Hacker News new | ask | show | jobs
by kjksf 3021 days ago
String benchmarks are so broken.

They way he uses b.N is wrong. b.N is different for different loops so he's e.g. timing 100 iterations of string '+' with a 1000 iterations of builder.WriteString()

Also the compiler can completely null out no-op functions (without side effects) so in benchmarks it's a good idea to assign the value being calculated into e.g. a global variable.

The corrected code is: https://gist.github.com/kjk/6a7d7135ae1e5fa6cd1f0db23d2eaf4d

An example of correctly benchmarking:

    func BenchmarkConcatString(b *testing.B) {
	for n := 0; n < b.N; n++ {
		var str string
		for i := 0; i < 100; i++ {
			str += "x"
		}
		gStr = str
	}
    }

After fixes it paints significantly different picture:

    go test -bench=. -benchmem
    goos: darwin
    goarch: amd64
    BenchmarkConcatString-8    	  300000	      5148 ns/op	    5728 B/op	      99 allocs/op
    BenchmarkConcatBuffer-8    	 1000000	      1046 ns/op	     368 B/op	       3 allocs/op
    BenchmarkConcatBuilder-8   	 1000000	      1177 ns/op	     248 B/op	       5 allocs/op
2 comments

His use of b.N is correct. The code you have is simply multiplying N by 100 with the inner for loop - so your times are 100x of what each "concat" operation (+,WriteString) takes.
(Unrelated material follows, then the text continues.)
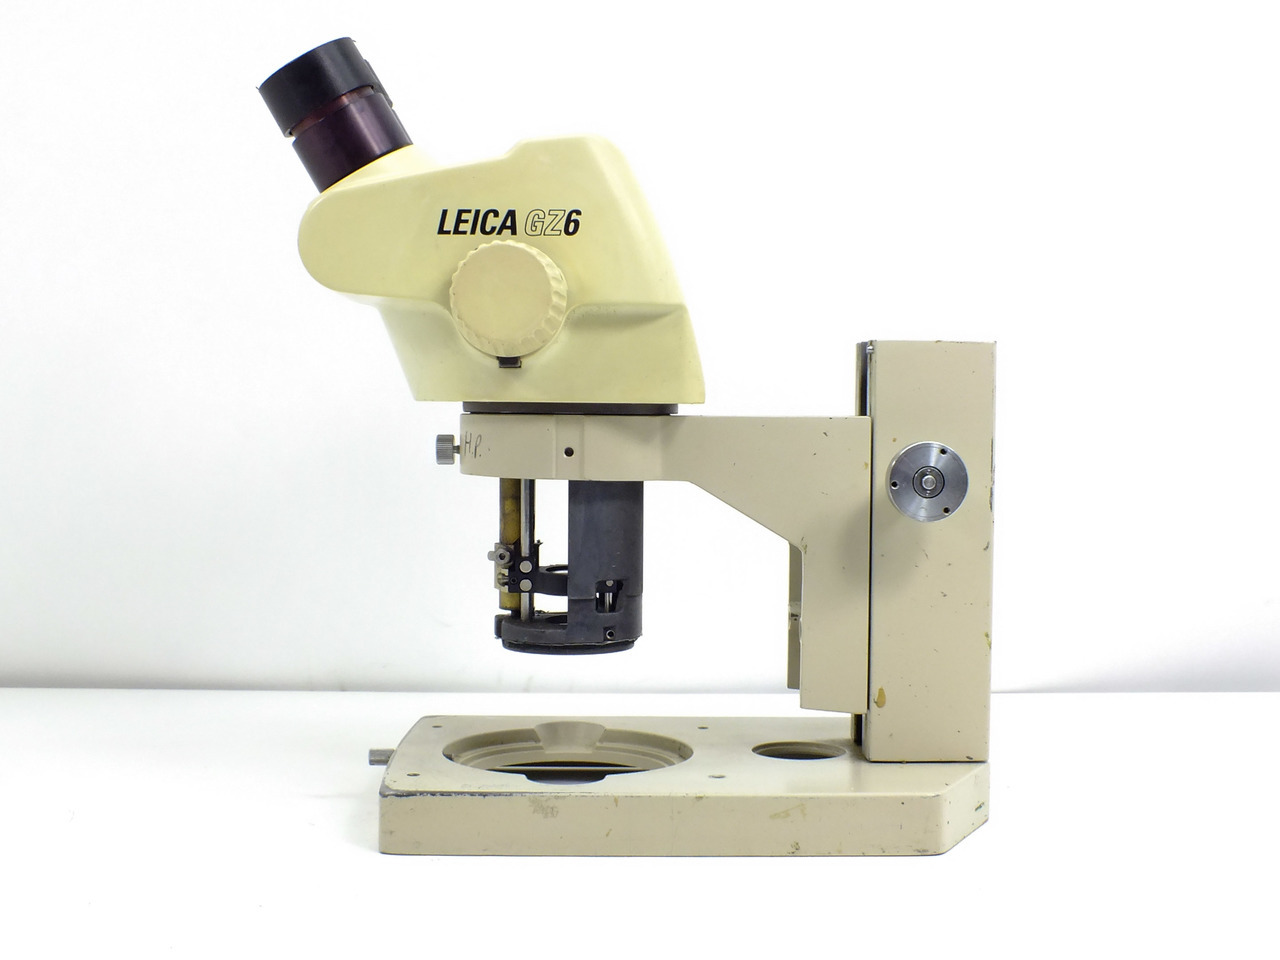 leica-gz6-0.67x-4x-microscope-head-with-focus-block-as-is-for-partsrepair-6.40__24391.1490078848

You are also allocating a new string/buffer/builder for every run - which is not useful if you want to just benchmark concat.

Thanks for pointing it out. Should clearly not depend on the number of iterations. It's fixed now.
I think there's another bug in the generateSlice function if the intention is to create a slice with n random numbers.

    func generateSlice(n int) []int {
        s := make([]int, n)
        for i := 0; i < n; i++ {
            s = append(s, rand.Intn(1e9))
        }
        return s
    }
As it is now, the function creates a slice with n zeros followed by n random numbers. I suppose you meant to say make([]int, 0, n). You could just as well assign directly to each slice element instead of using append, which would be more efficient.

I made the exact same mistake quite a few times myself.

Yep, that meant to be capacity, not length. Corrected. Thanks!